На мой взгляд, важнейший элемент русской и — шире — византийско-славянской идентичности связан с тем, что я называю иконическим сознанием28. Иконическое не связано с иконой как предметом и даже с эпохой иконы, то есть со средневековьем. Иконическое сохраняется в культурной памяти. Когда мы задумываемся над тем, чем в своем мировидении Толстой и Достоевский отличаются от Бальзака или Диккенса, то как некое объяснение возникает мысль об иконическом сознании русских писателей. Они описывают мир не как окончательную реальность, а как образ иного мира29. Если мы посмотрим более позднюю русскую традицию, то отражения этого мировосприятия мы увидим, например, у Михаила Булгакова и, конечно же, в фильмах Андрея Тарковского, у которого, на наш взгляд, иконическое является стержнем всей художественной системы. Причем даже в фильмах, которые напрямую с иконами не связаны, например в «Зеркале», принцип иконического — ключевой для понимания изобразительного языка (ил. 12). Даже представляя внешне бытовую сцену, например разливающееся молоко, режиссер многими средствами дает нам понять, что за видимым есть другая реальность, и фильм постоянно об этой реальности напоминает, к ней возвращается. Образ важен не сам по себе, не как артефакт, декларация или иллюстрация чего-либо, но именно как посредник, соединяющий земное и небесное. Это качество создает особую сакральность мира в фильмах Тарковского, которые могут быть интерпретированы как порождение византийской иконической традиции, неосознанно присутствующей в русской культуре и во многом определяющей наше восприятие реальности.

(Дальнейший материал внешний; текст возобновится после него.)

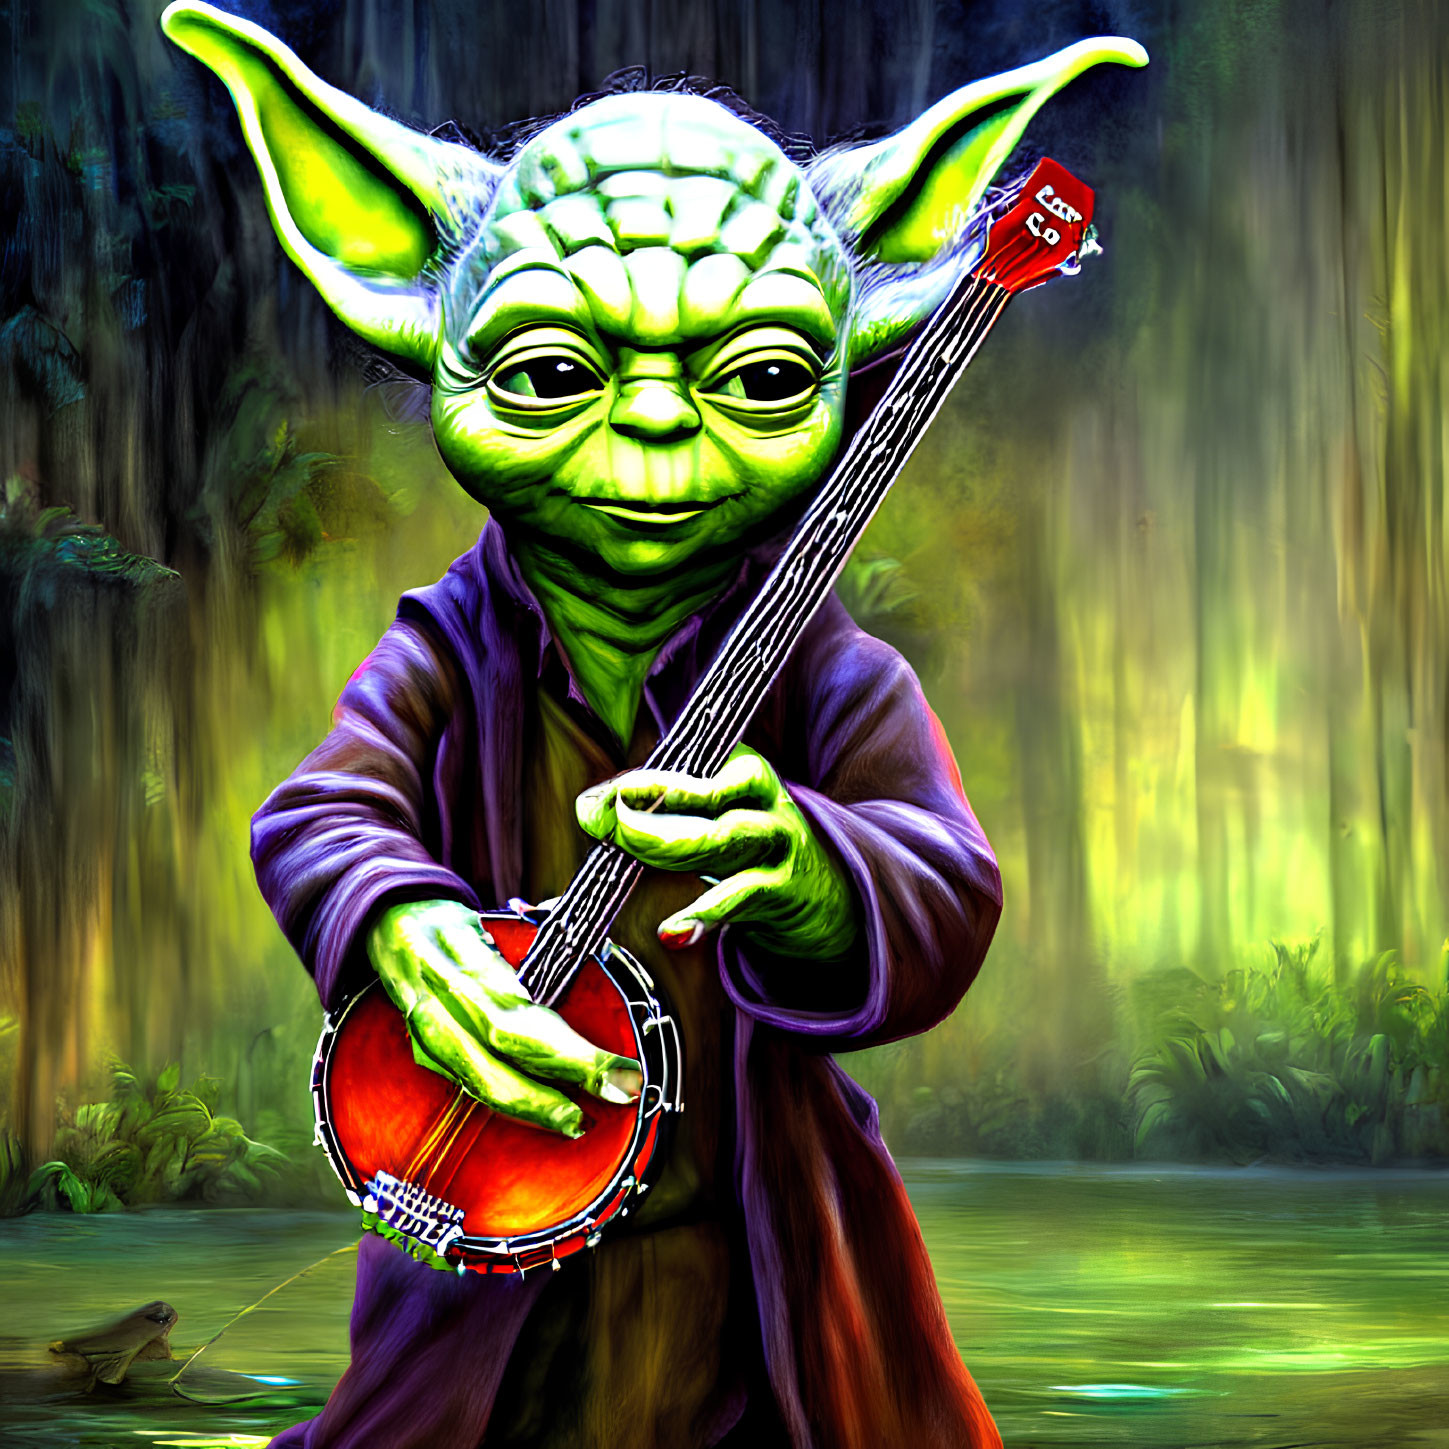 Fictional character Yoda playing red banjo in mystical forest

Иконическому нас никогда не учили. Но иконическое в его целом — это не специфически русское или византийское явление. Недавно в Берлине мне довелось увидеть Еврейский музей современного архитектора Либескинда. Должен сказать, что передо мной предстал пример современного сакрального пространства, когда архитектура исходит не из объемов и не из функционального предназначения помещения, а из образа пространства. Но где рождается образ пространства, где рождаются пространственные иконы, где искать истоки иконического? Его истоки — в нашем сознании, в нашем воображении, в нашей интуиции, и в этом заключается суть иеротопического творчества. Сначала мы создаем образ пространства, а после этого он воплощается в бесконечных реалиях — от архитектурных форм до организации запахов, ритуальной и световой среды.

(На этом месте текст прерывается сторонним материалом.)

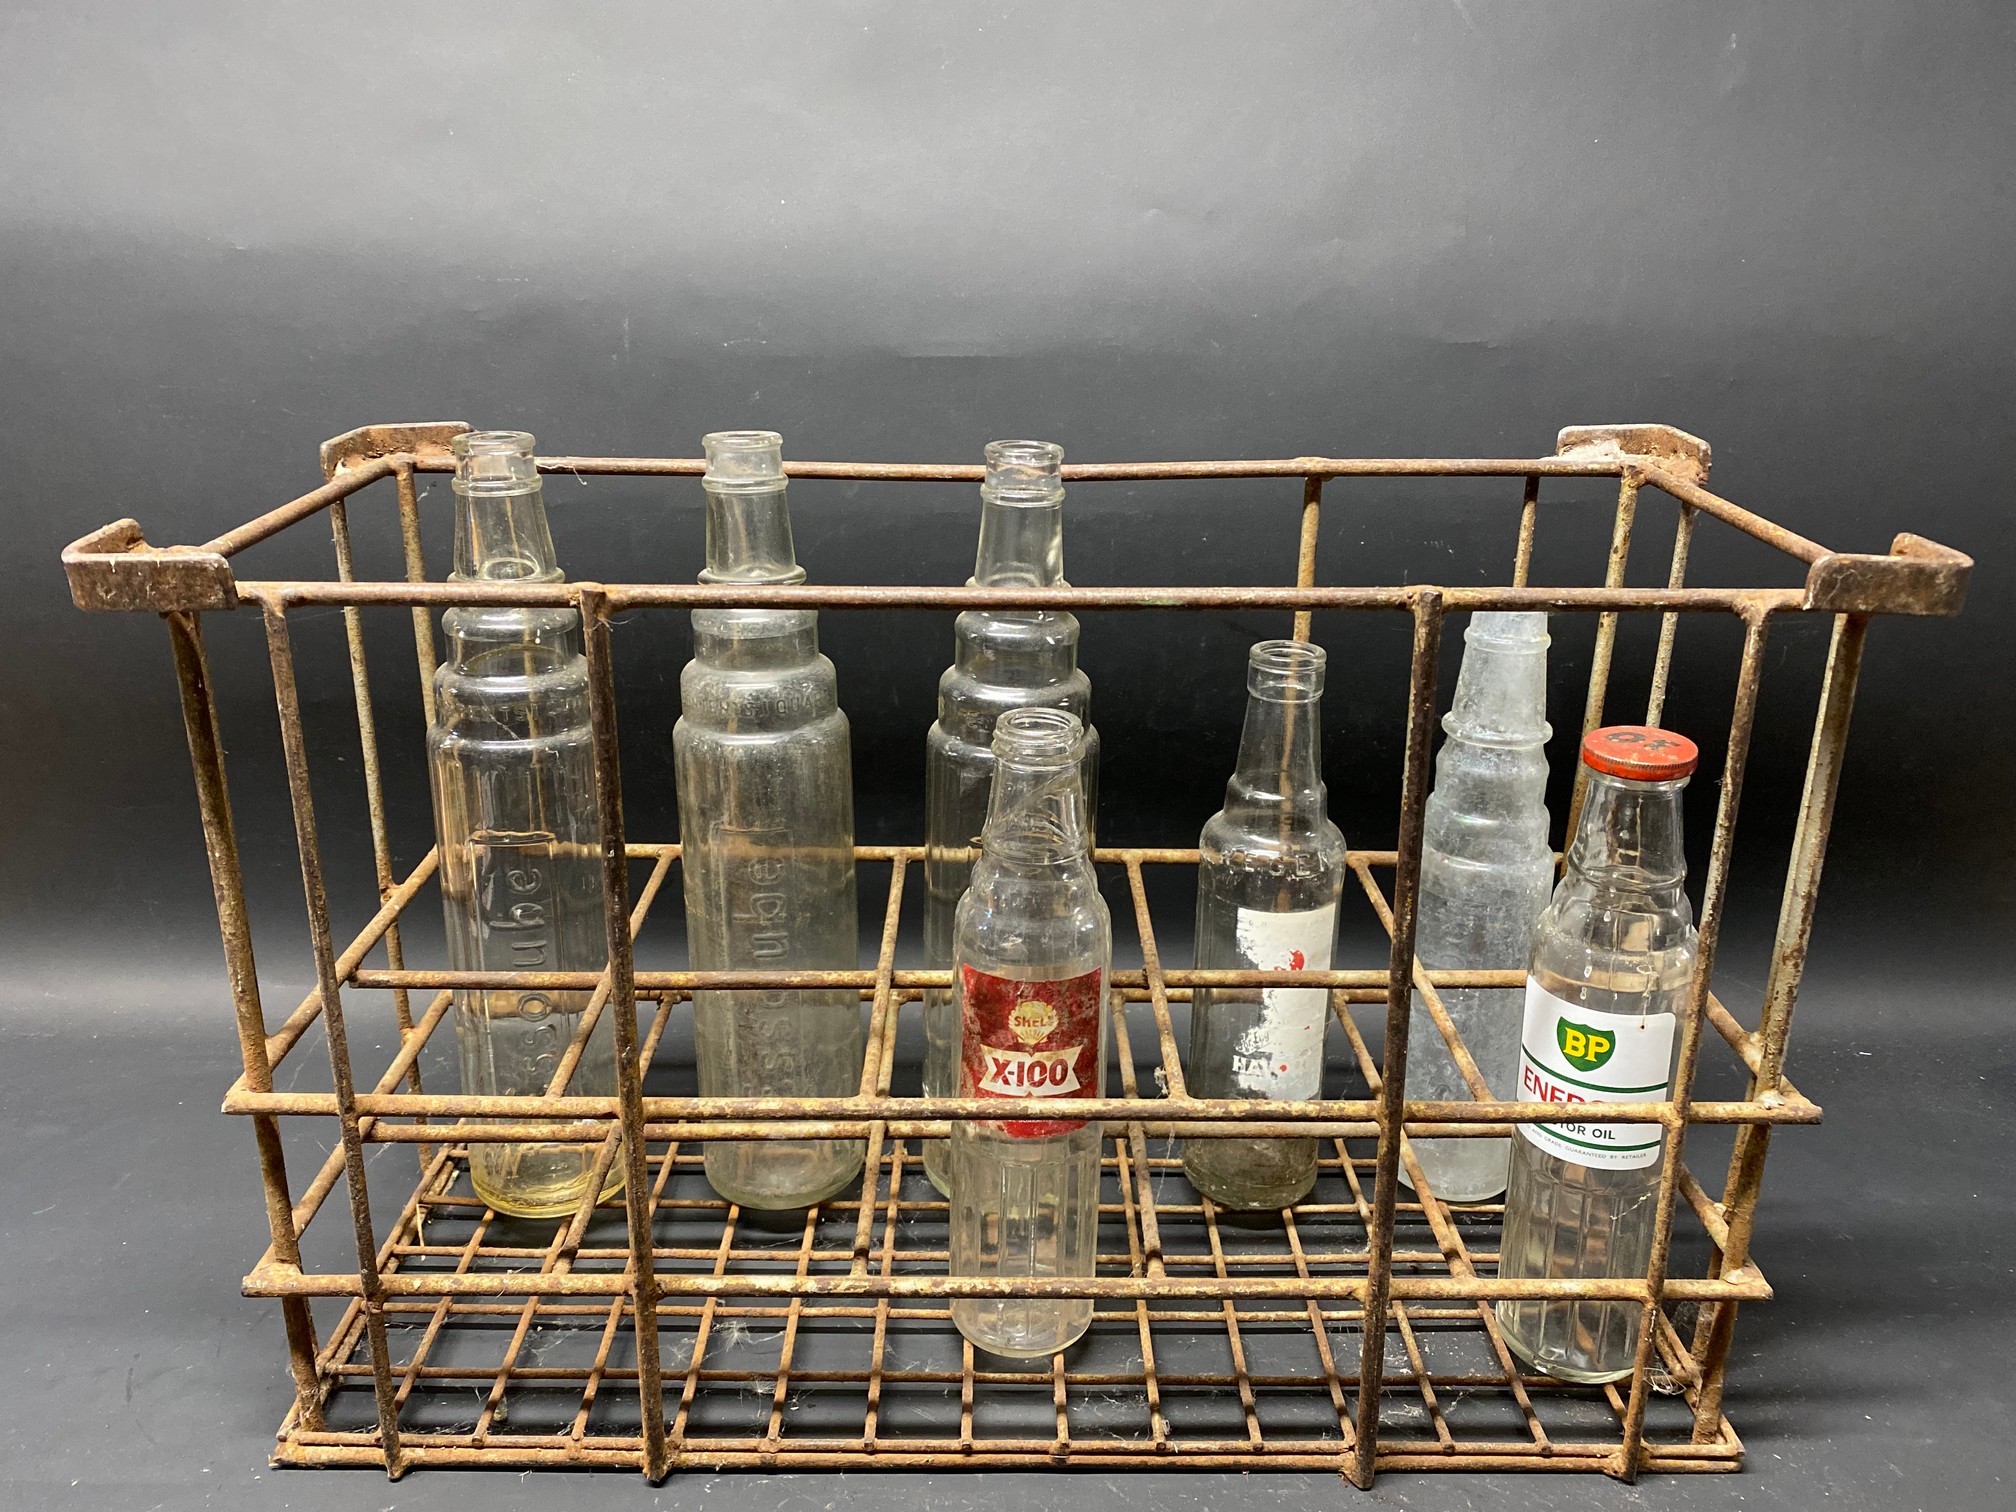 A 10 division oil bottle crate containing an assortment of oil bottles.

Иконическое существует и в японской, и в индуистской традиции, и во многих других. Конечно, иконические традиции различаются, они другие по сравнению с православной. Это отдельная тема для разговора. Иконическое можно найти, например, в фильмах Фредерико Феллини. Я думаю, что это один из наиболее глубоких и тонких художников, в том числе, весьма чувствительный к моментам, связанным с иконами, со священными образами. Если вы помните его фильмы, то в ряде картин возникает идея чудотворных образов, по-феллиниевски довольно странно показанная, но одновременно указывающая, что его самого эта тема волновала. При том легко заметить, что создаваемый им мир — глубоко католический по духу, основанный на впитанных с молоком матери образах ренессанса и барокко.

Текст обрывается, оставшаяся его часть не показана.